Başbakan Erdoğan'ın hedefindeki köşe yazarı bugün köşesinden cevap verdi. Çandar'ın da soruları vardı.
Abone olBaşbakan Erdoğan'ın "Türkiye'nin avukatı ol" dediği Cengiz Çandar'dan sert yanıt. 'Kaçak Ermeniler'i sınır dışı edebiliriz' sözü üzerine Çandar, Erdoğan'ın özür dilemesi gerektiğini yazmıştı..
Çandar bugünkü köşesinde Erdoğan'a "Ne oldu da, birden ‘doğruluk’, ‘dürüstlük’ tarafınızdan sorgulanır oldu? Özür dilemek bir erdem konusudur. Özür dileyip dilememek sizin bileceğiniz iş" dedi. İşte Çandar'ın yazısından bir bölüm:
(...)Bu yazıyı, Yasemin Çongar’ın Başbakan’a yönelttiği soru ile bitirmemiştim. Ama Brüksel’e geldim ve hem Türkiye’den telefonla Tayyip Erdoğan’ın bir konuşma yaparak bana yüklendiği bildirildi; hem de internete göz attığımda ‘Tayyip Erdoğan, Cengiz Çandar’a fena çaktı’ gibisinden haber başlıkları gördüm.
Yazının son bölümünü değiştirdim. Başbakan Tayyip Erdoğan’a birkaç soru da ben yönelteyim:
1. Konuşmanızda “Londra’da ifade ettiğim, ülkemdeki kaçak Ermenileri sınır dışı etmek ifadem, maalesef ulusal ve uluslararası platformlarda kaçak kelimesi atılarak kullanıldı ve kullanılıyor. Ermenileri sınır dışı etmek ile kaçak çalışan Ermenileri sınır dışı etmek arasında derin bir anlam farklılığı vardır... Kaçak Ermenilerle ilgili sözlerimi saptırmak isteyenler, umarım kendilerini tashih ederler” demişsiniz.

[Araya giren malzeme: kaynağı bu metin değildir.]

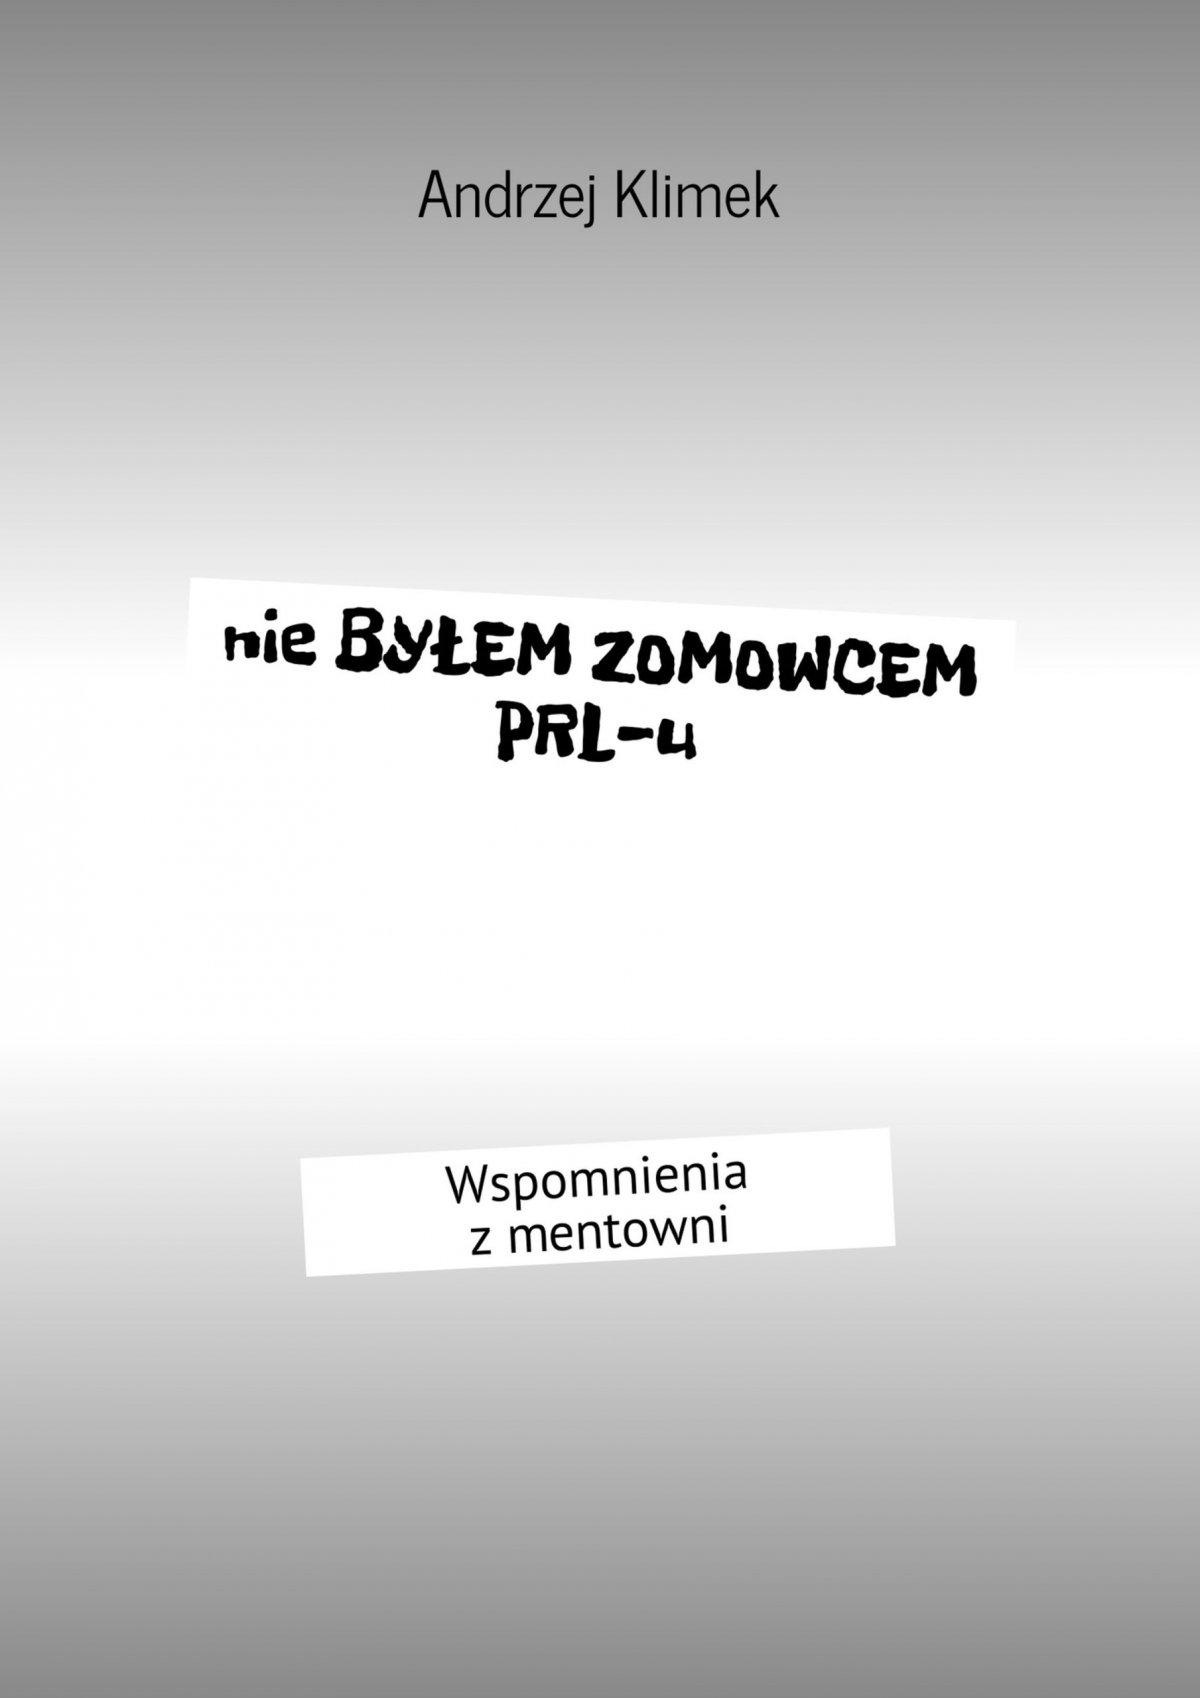 Nie byłem zomowcem PRL-u - Ebook (Książka EPUB) do pobrania w formacie EPUB

Biz yanlış anlamadık. ‘Kaçak Ermenileri sınır dışı etmek’ diye anladık ve buna karşı çıktık.
Soru: ‘Kaçak Ermenileri sınır dışı etmek’ten yana mısınız, değil misiniz?

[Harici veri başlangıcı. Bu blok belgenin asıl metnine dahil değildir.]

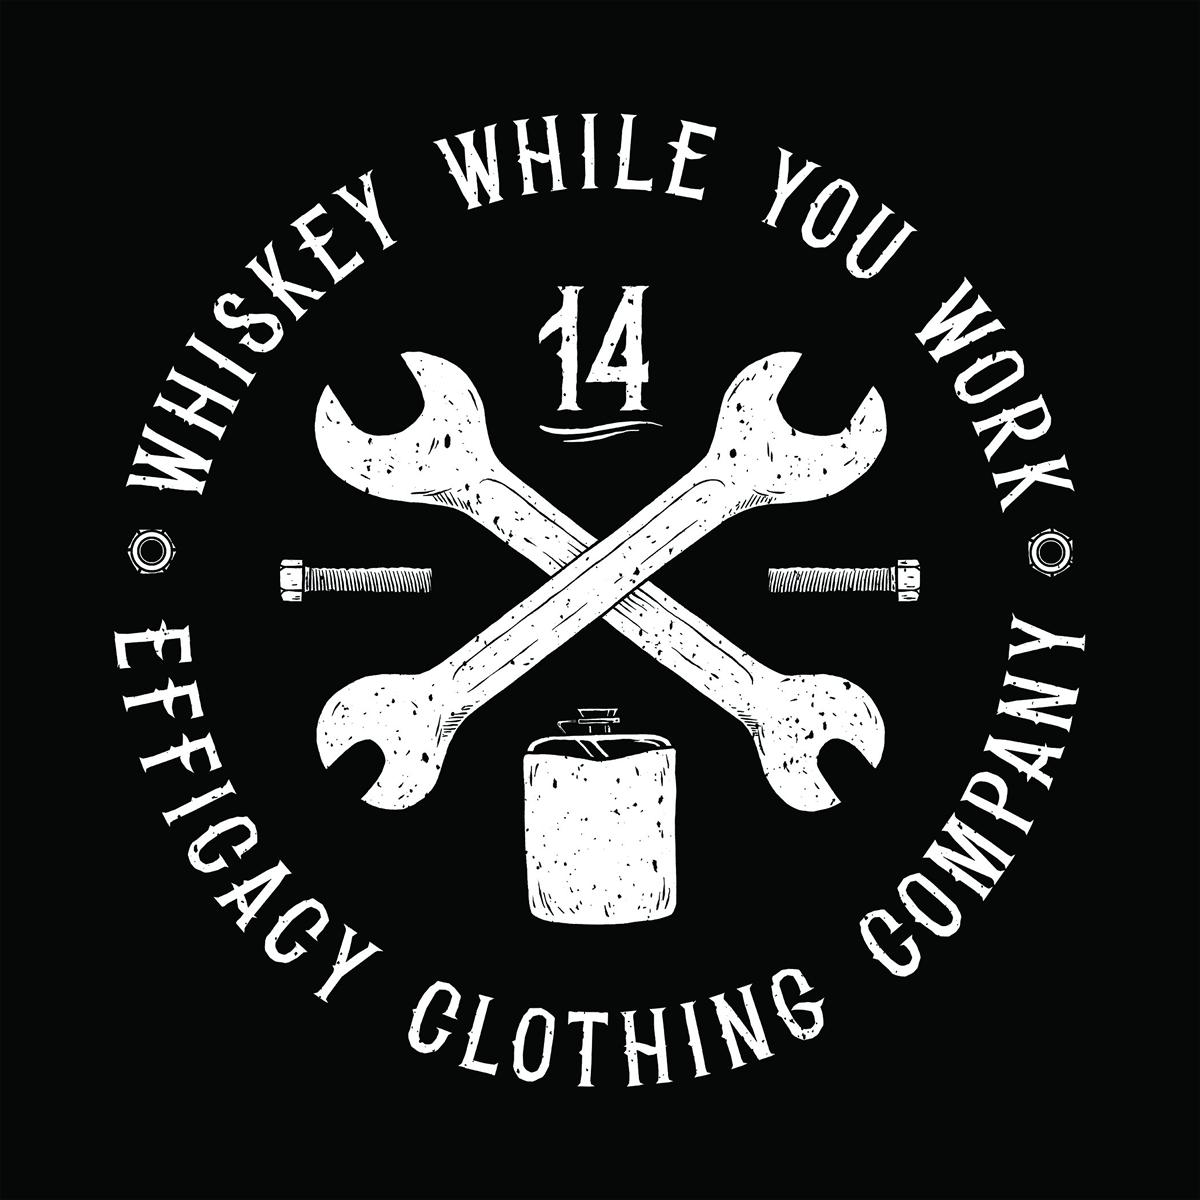 WhiskeyWorkBACKWeb.fw.png

2. Hızınızı alamayıp şöyle devam etmişsiniz: “Bana özür dilemelidir tavsiyesinde bulunanlara sesleniyorum, biz kimden özür dileyeceğimizi çok iyi biliyorum. Sen kimin avukatısın yahu? Bir defa dürüst ol. Doğrunun avukatı ol, yanlışın değil... Biz yolumuzda
aynen devam edeceğiz.”
Soru, daha doğrusu sorular: O, kimden özür dileyeceğinizi çok iyi bildiğiniz kim? Kimden özür dileyeceksiniz? ‘Sen kimin avukatısın yahu?’ diye soruyorsunuz. Sizce?
Gelelim ‘Bir defa dürüst ol. Doğrunun avukatı ol’ sözlerinize. Özellikle ‘Bir defa dürüst ol’ sözünü size yakıştıramadım.

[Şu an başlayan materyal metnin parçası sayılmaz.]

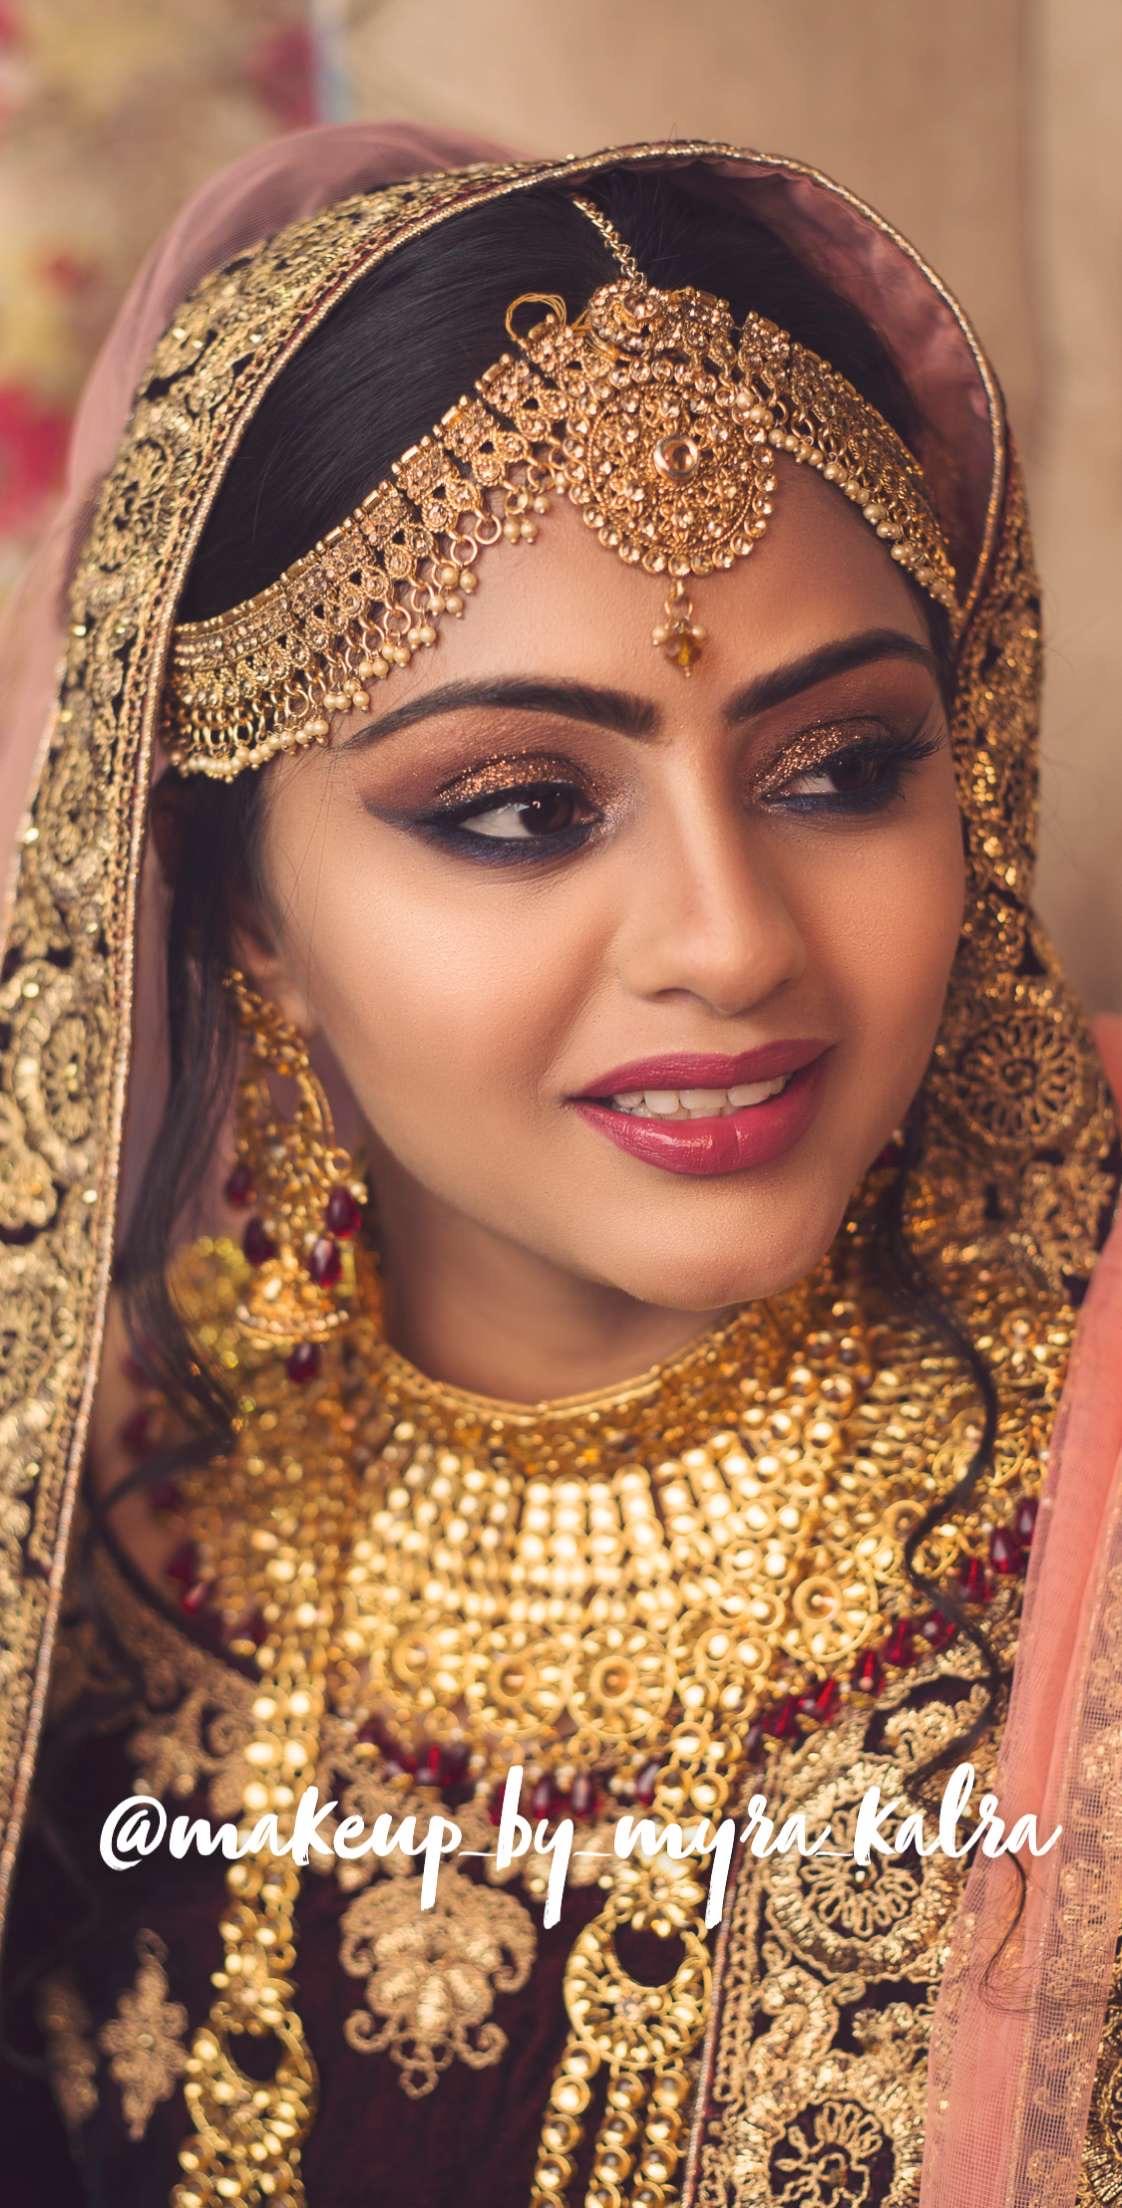 myra-kalra-makeup-artist-indore

Bu hiddetli yaklaşım, nice dış ve iç gulyabaniye karşı sizi desteklerken geçerli miydi? O durumlarda ‘yanlışın avukatı’ mıydık?
Ne oldu da, birden ‘doğruluk’, ‘dürüstlük’ tarafınızdan sorgulanır oldu?
Özür dilemek bir erdem konusudur. Özür dileyip dilememek sizin bileceğiniz iş. Ama madem ‘Biz yolumuzda aynen devam edeceğiz’ diyorsunuz, peki...
Kolay gelsin.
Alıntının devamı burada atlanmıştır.